Martin Hertau, returning captain | Tara, a schooner for the planet

Martin Hertau, returning captain

© Yann Chavance / Fondation Tara Expéditions

30 October 2016

After a transatlantic crossing and more than 4 months of navigation, Samuel Audrain is relayed as Tara’s captain by Martin Hertau. Throughout the entire Tara Pacific expedition, the 2 sailors will take turns every 5-6 months in this key function.

You’re back on board. What does the position as Tara’s captain involve?

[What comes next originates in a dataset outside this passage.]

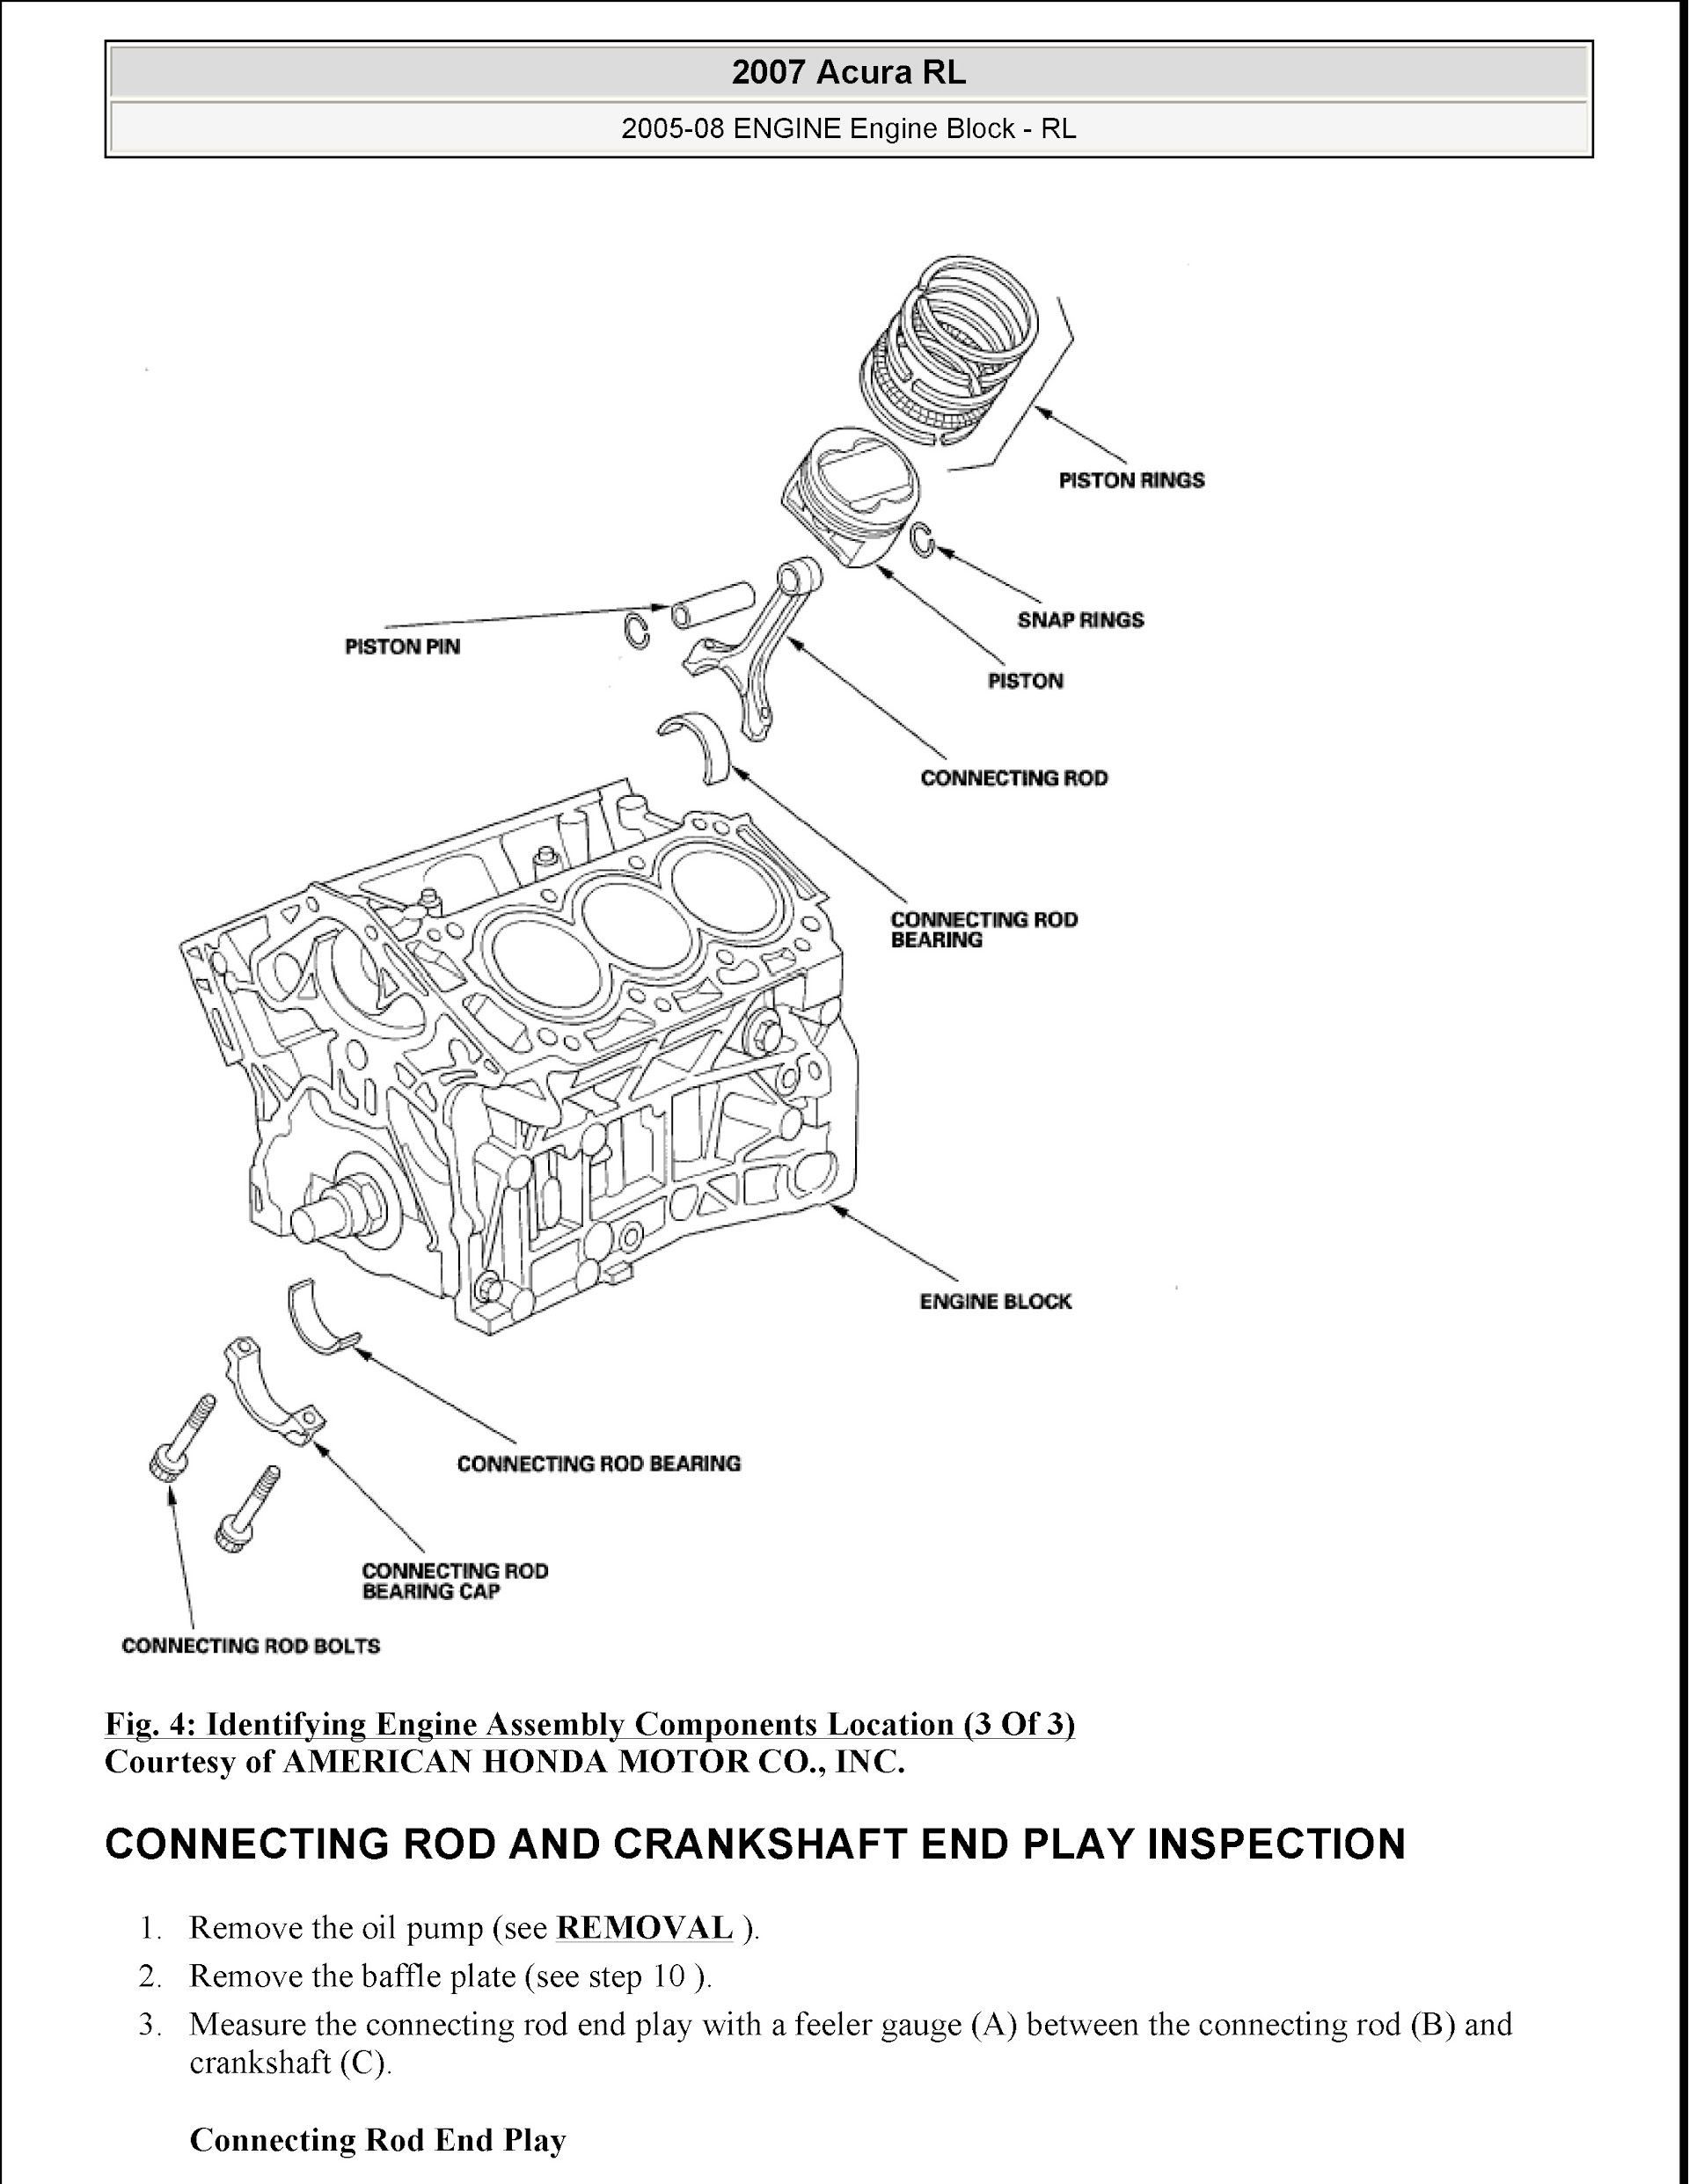 2008 Acura RL Repair Manual

The captain is of course in charge of navigation, safety and maintenance of the vessel. He also makes sure everyone is at their workstation, that work is properly done and there’s contentment on board. All crew members have an important role to play and the captain ensures global cohesion. He’s like an orchestra conductor. The education outreach component is also crucial aboard Tara. During the stopovers – whether for visits, receptions or welcoming school groups- there is a real role to play. This is an area I had no expertise in because it has nothing to do with the seafaring profession but it’s at the very heart of the Tara project.

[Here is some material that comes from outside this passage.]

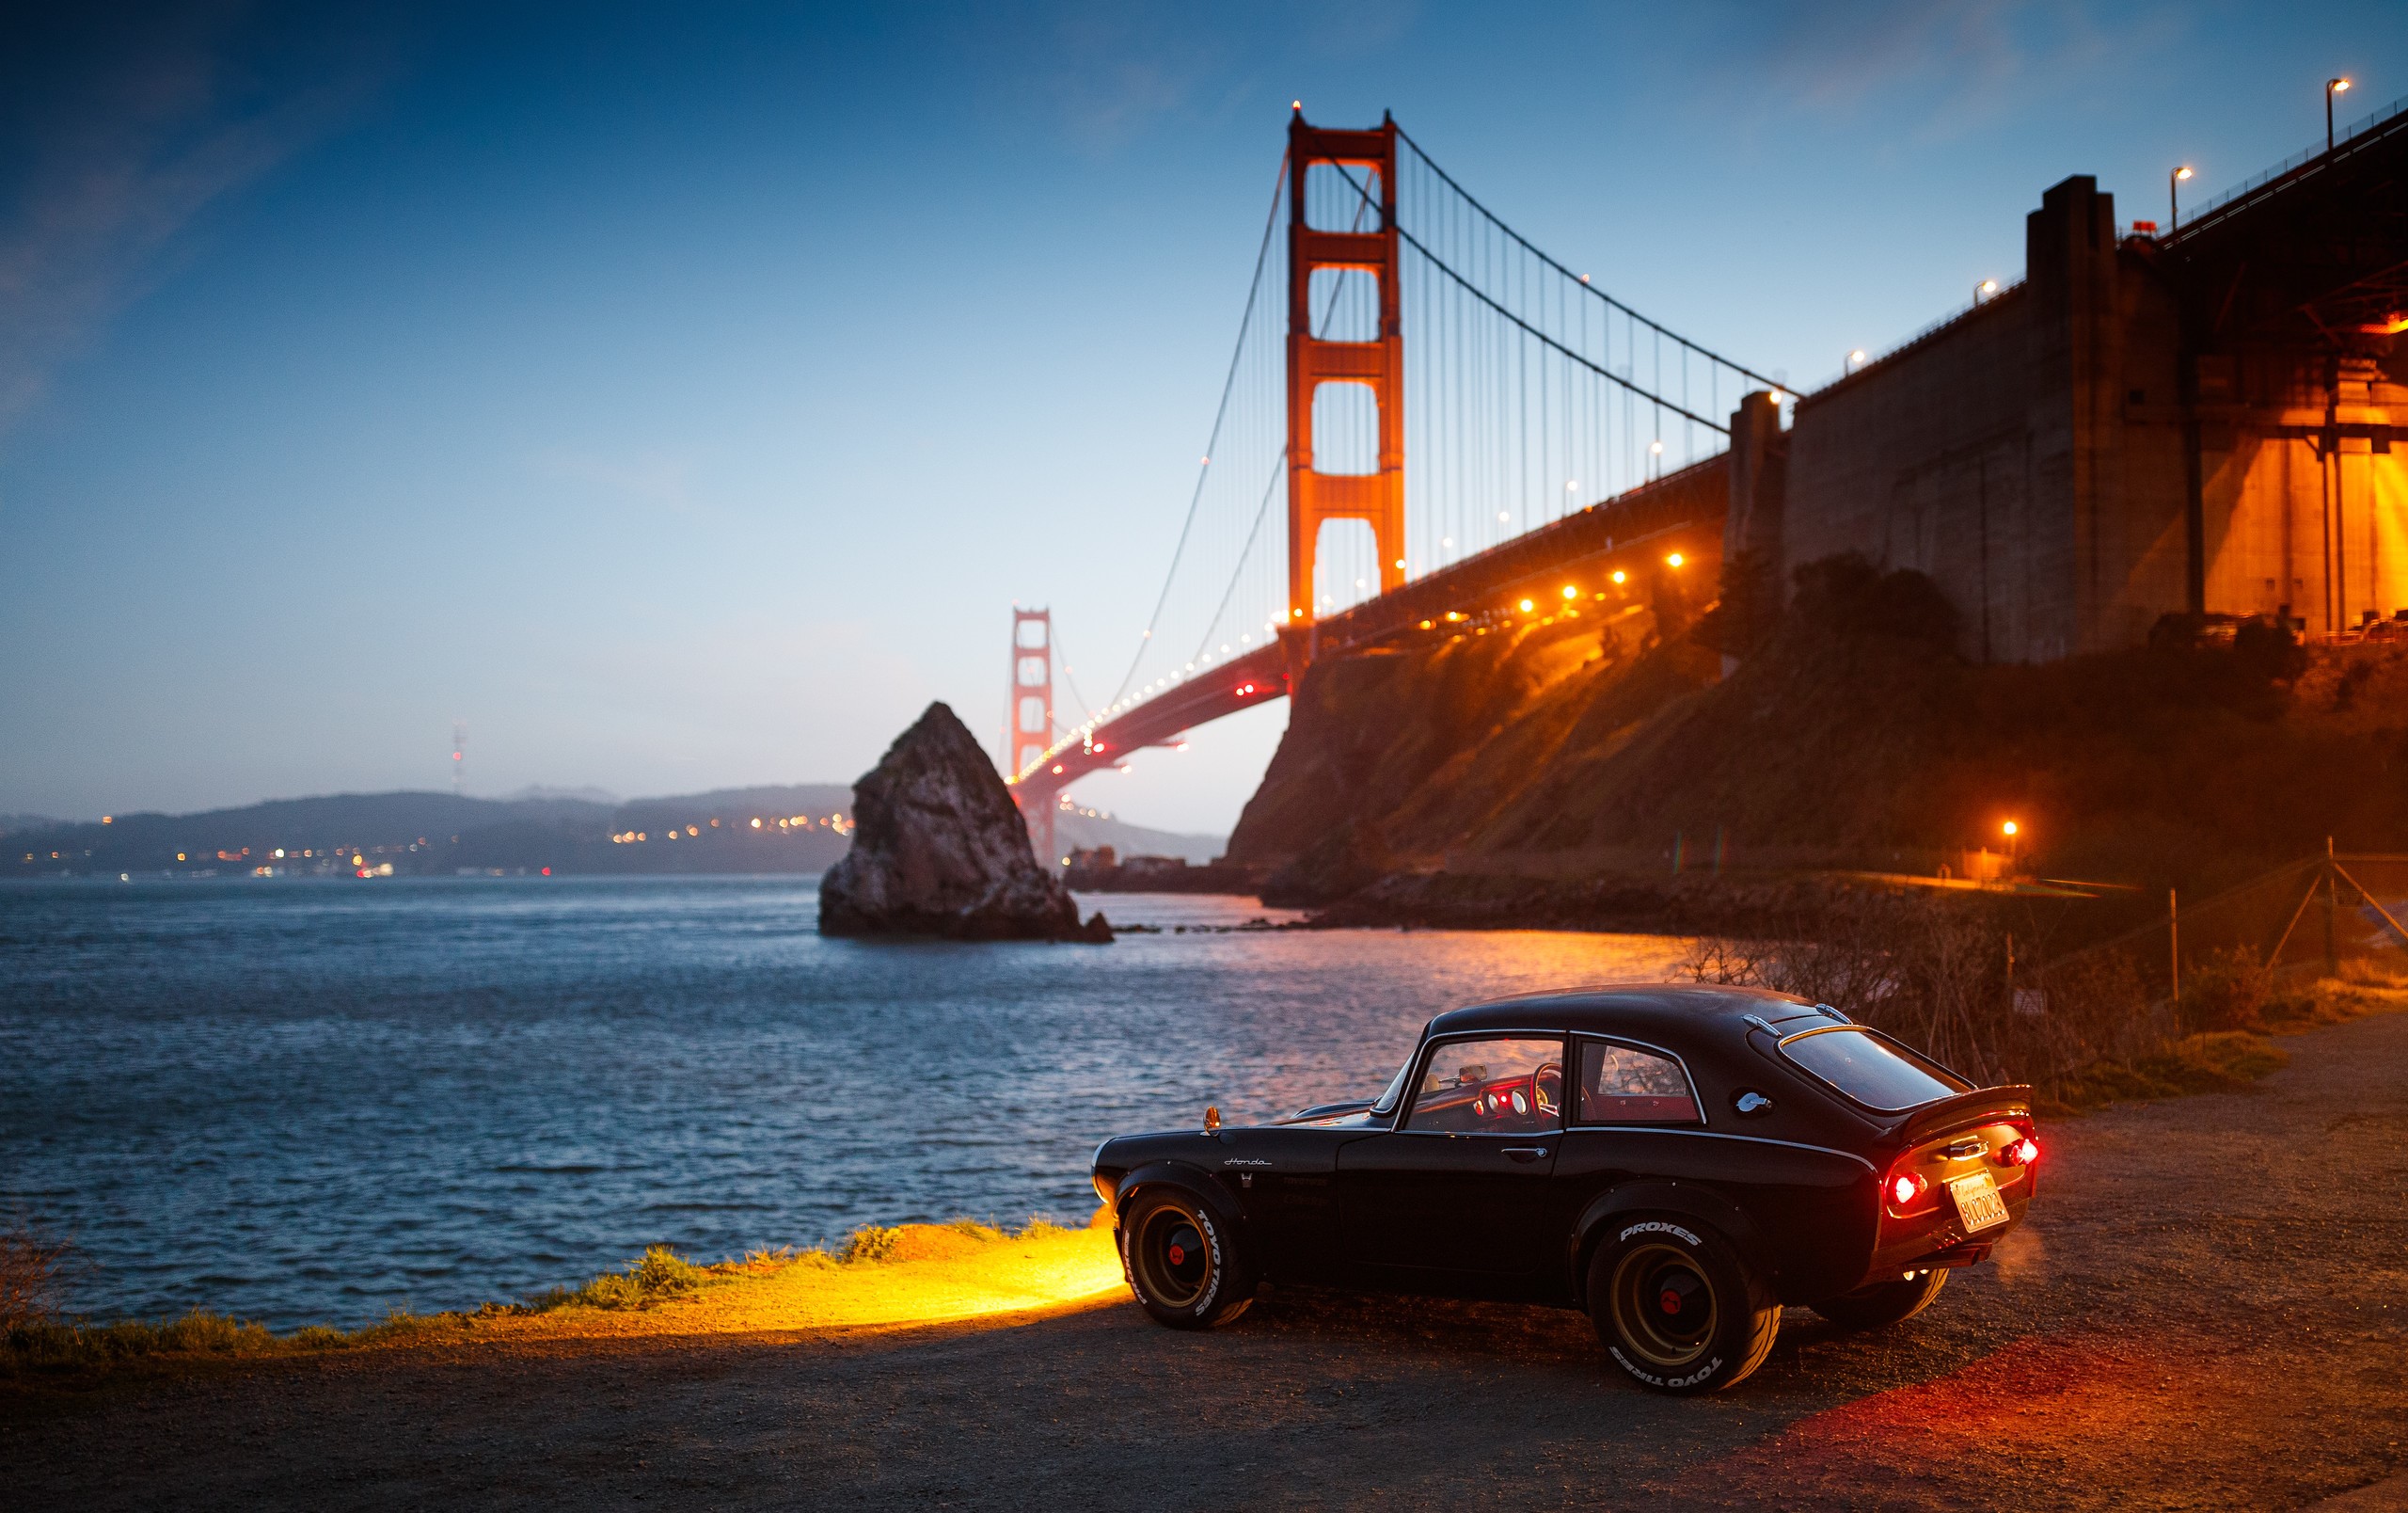 Honda S800 Honda Classic Car JDM Japanese Cars Sports Car San Francisco Golden Gate Bridge Evening L 2560x1608

What do you like most about this role?

I really enjoy its versatility – very important aboard the schooner. It’s not just navigation, we also take part in refitting for example. For Tara Pacific, as for other previous expeditions, I’ve been involved since the beginning of the project. On the work site at the beginning of the year, we prepared the schooner for this mission, from the viewpoint of maritime safety, of course, but also for science: this is a multipurpose vessel and we equip it differently according to the mission. Finally, I like Tara’s aura, tangible in many ports of call. I have exceptional memories of the wonderful welcome we received during previous expeditions, in Beirut, Tangier, Naples or St. Pierre and Miquelon: there’s a human dimension that makes it all even more thrilling.

How did the handover in Tahiti go with Samuel?

When I left the work site at the beginning of the year, many parts – like the new engines and the derrick used to hoist the tender – had only been quickly tested. A lot of new equipment have been added since then, so it was important to check them all with Samuel: learn how the material held up during this half way around the world, what worked well, what needs to be improved, etc. We also talked about scientific protocols, since Samuel and I also participate in diving activities during the entire expedition to help the team in charge of plankton sampling. This is all new to us, and even if it’s really interesting, it also gives us more work and things to integrate. In the end, the handover lasted 2 whole days, and it was rather heavy!